Firm building emergency housing for Ukrainians gets injunction to prevent protester site ‘blockade’

Pastures New Accommodation says up to 50 protesters have been preventing people and vehicles from entering or leaving

A company constructing emergency accommodation facilities in Co Kildare for hundreds of Ukrainian refugees has secured a temporary High Court injunction restraining protesters from blocking the entrances to the site.

Total Experience Limited, trading as Pastures New Accommodation, is building the facilities at Newhall, Naas, Co Kildare, for families fleeing the war that began two years ago.

It claims its work is being hampered by people opposed to State provision of accommodation and who are mounting a 24-hour “blockade” of the site’s main entrances.

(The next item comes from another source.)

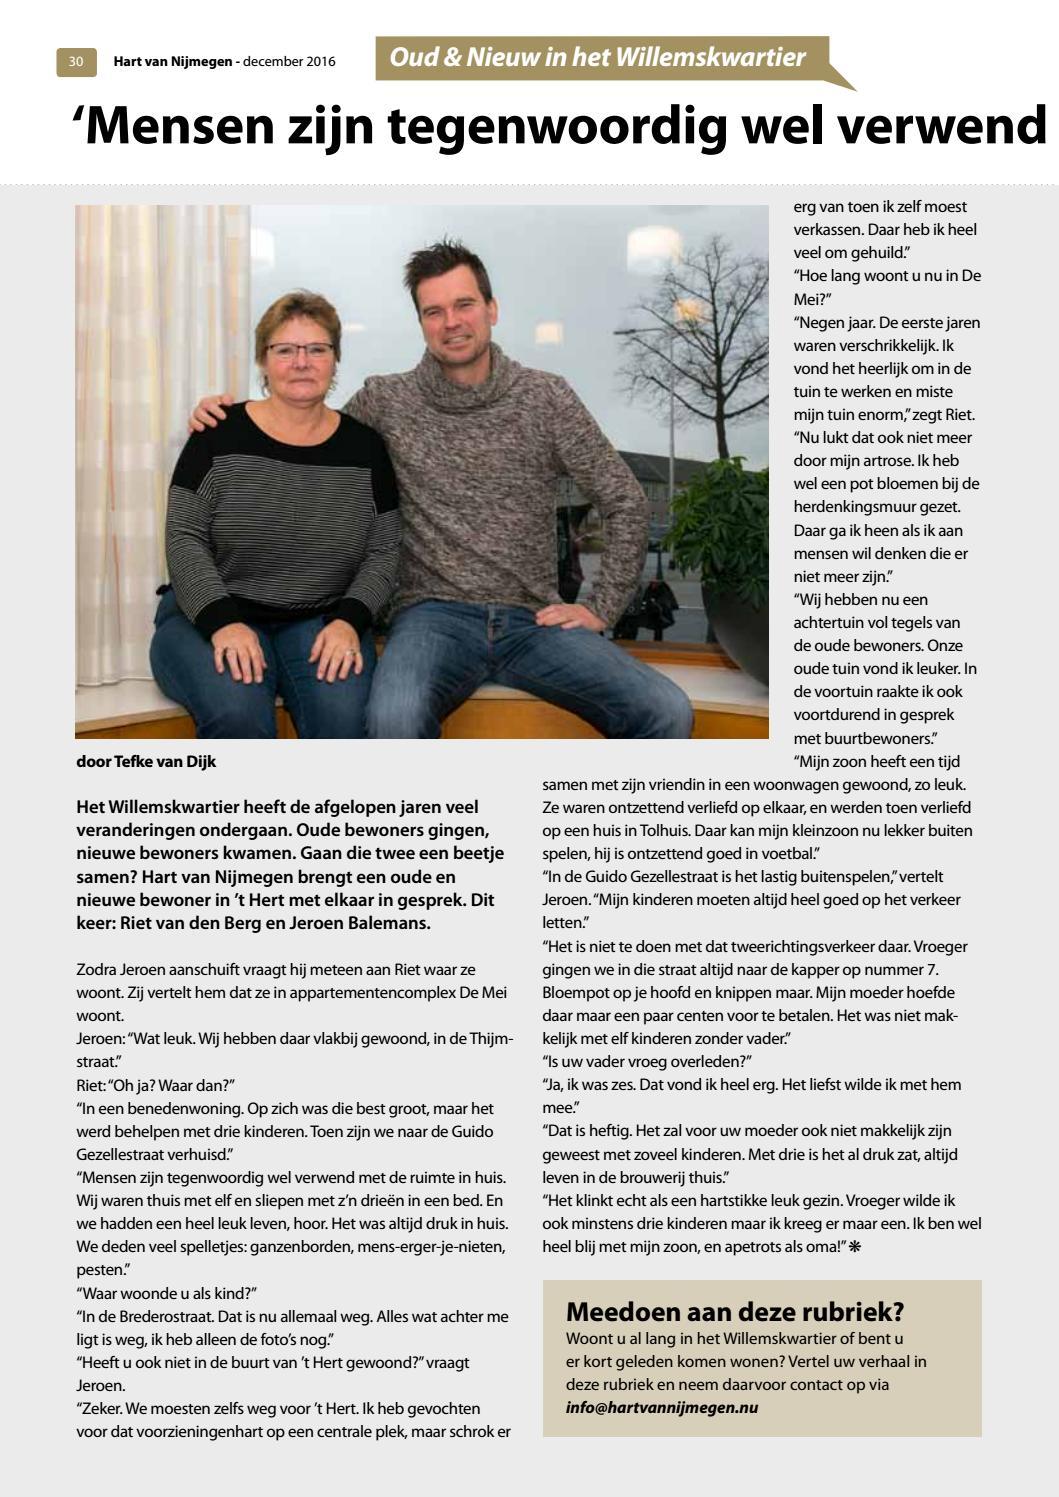 Hart van Nijmegen december 2016 by Hart van Nijmegen issuu

The company claims that in recent days up to 50 protesters have been preventing people and vehicles from entering or leaving the site by using tactics, including forming “a human shield” and parking cars in front of the entrances.


These alleged activities amount to a nuisance and an unreasonable interference with the company’s work, it claims.

On Thursday, Mr Justice Mark Sanfey granted a temporary injunction, on an ex parte basis (only the plaintiff was represented), restraining two of the alleged protesters from deliberately preventing or obstructing entrances from the site.

The interim order is also against “persons unknown” who are also alleged to be obstructing the entrances.

The firm has been contracted to provide 985 beds in 387 cabins as well as a dining marquee, laundry and recreation facilities at the site.

The facility is 90 per cent complete and is due to be ready by early March, the court heard. However, the company claims, the actions may prevent the facility from operating on time.

Seeking the injunction, Gary McCarthy SC, appearing with Barry Mansfield BL, for the plaintiff, said his client was not attempting to interfere with anyone’s lawful right to peacefully protest.

However, the blocking of the entrances is unlawful and creates a safety risk, counsel said.

The blockade commenced two days ago, when some 50 people prevented vehicles from entering the site.

The only way workers could leave was with Garda intervention. The protesters have acted in an aggressive and intimidating manner, he said.

It is also claimed some of the foreign workers at the site were racially abused while Irish staff were referred to as “traitors”.

Counsel said his client is also concerned about aggressive social media posts made by various people regarding the protest.

One post stated “All them trucks need is [fire emoji], while others stated that “[Four fire emojis] only solution man!”; “put barrels at the entrance and make fires in them. Big fires”; “put a few nails through timber and lay it down in front of the truck tyres”.

“Burn it. It will take a war are the Irish ready”.

Counsel said his client is fearful matters may escalate. He noted other buildings have been burnt after they were earmarked as accommodation for refugees.

Mr Justice Sanfey accepted the matter was urgent. He granted a temporary injunction and scheduled for the case to return next week.

However, the judge said, the parties are free to return to court before then should the need arise.